What’s more, European politicians, like those in the United States, are only too happy to pander to constituent fears over energy security (remember what happened when Russia cut off gas supplies to the Ukraine?) and job loss (in France, opponents of further integration raised fears of “Polish plumbers” taking work from natives). Sluggish growth and high unemployment in countries such as France, Germany and Italy have left citizens wary of liberalizing trade with lower-wage markets in eastern Europe.

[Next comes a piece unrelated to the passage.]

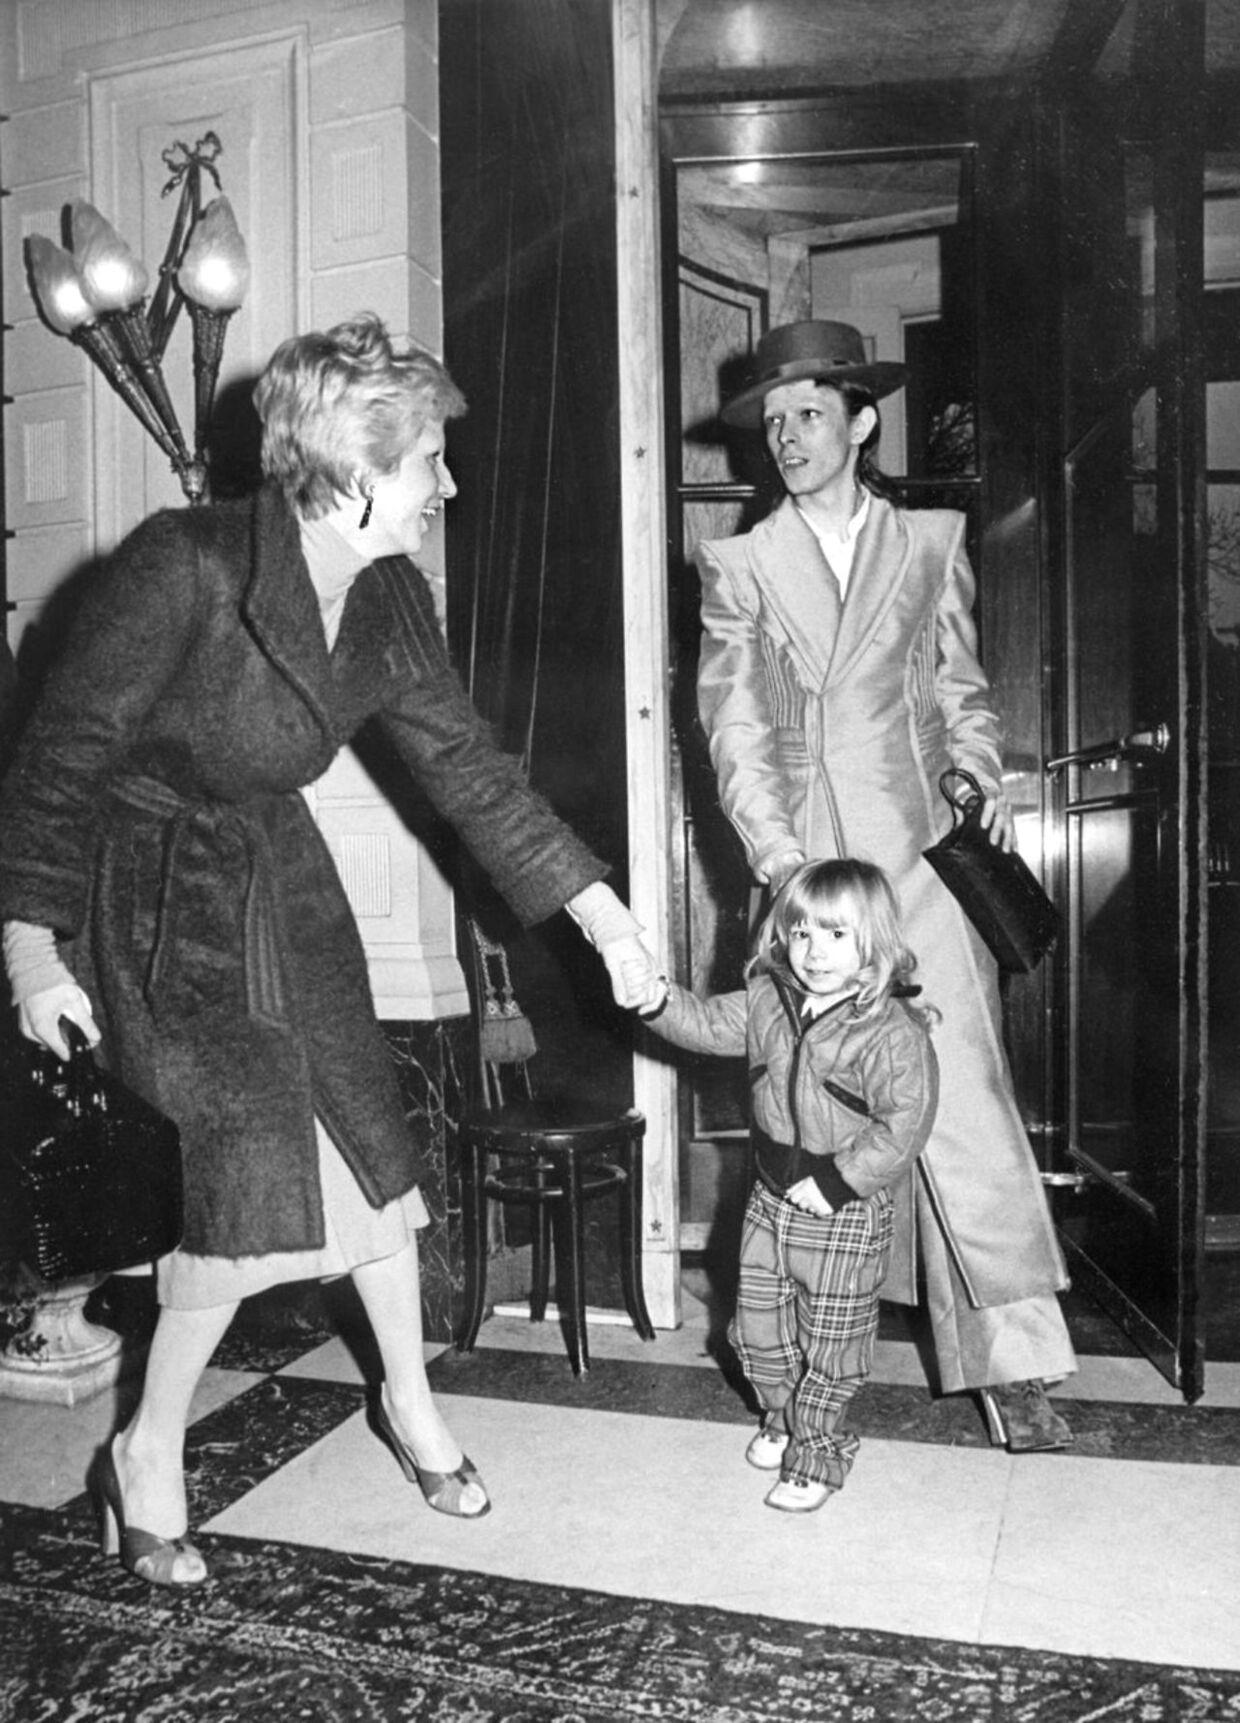 David Bowie og Angie i 1974 sammen med deres søn Zowie. I dag kalder sønnen sig Duncan Jones. Bowie har netop vundet en pris for albummet 'Ziggy Stardust' i Amsterdam.

EU advocates worry that France’s actions will inspire copycats. In addition to stepping in on the energy deal, France also has recently written laws that allow it to block mergers in 11 “strategic” industries, including the production of yogurt. Spain has threatened to use a special veto to block a takeover of its national electricity company Endesa by German giant E.ON. Other governments are putting the kibosh on deals in the banking and steel sectors.

The energy squabbles are symptomatic of a general slowdown in European economic integration, but let’s hope they don’t portend the death of the open-borders ideal. If Europeans, who have worked so hard in the last 50 years to make world wars a thing of the past, can’t keep the dream of globalization alive, how will the rest of us?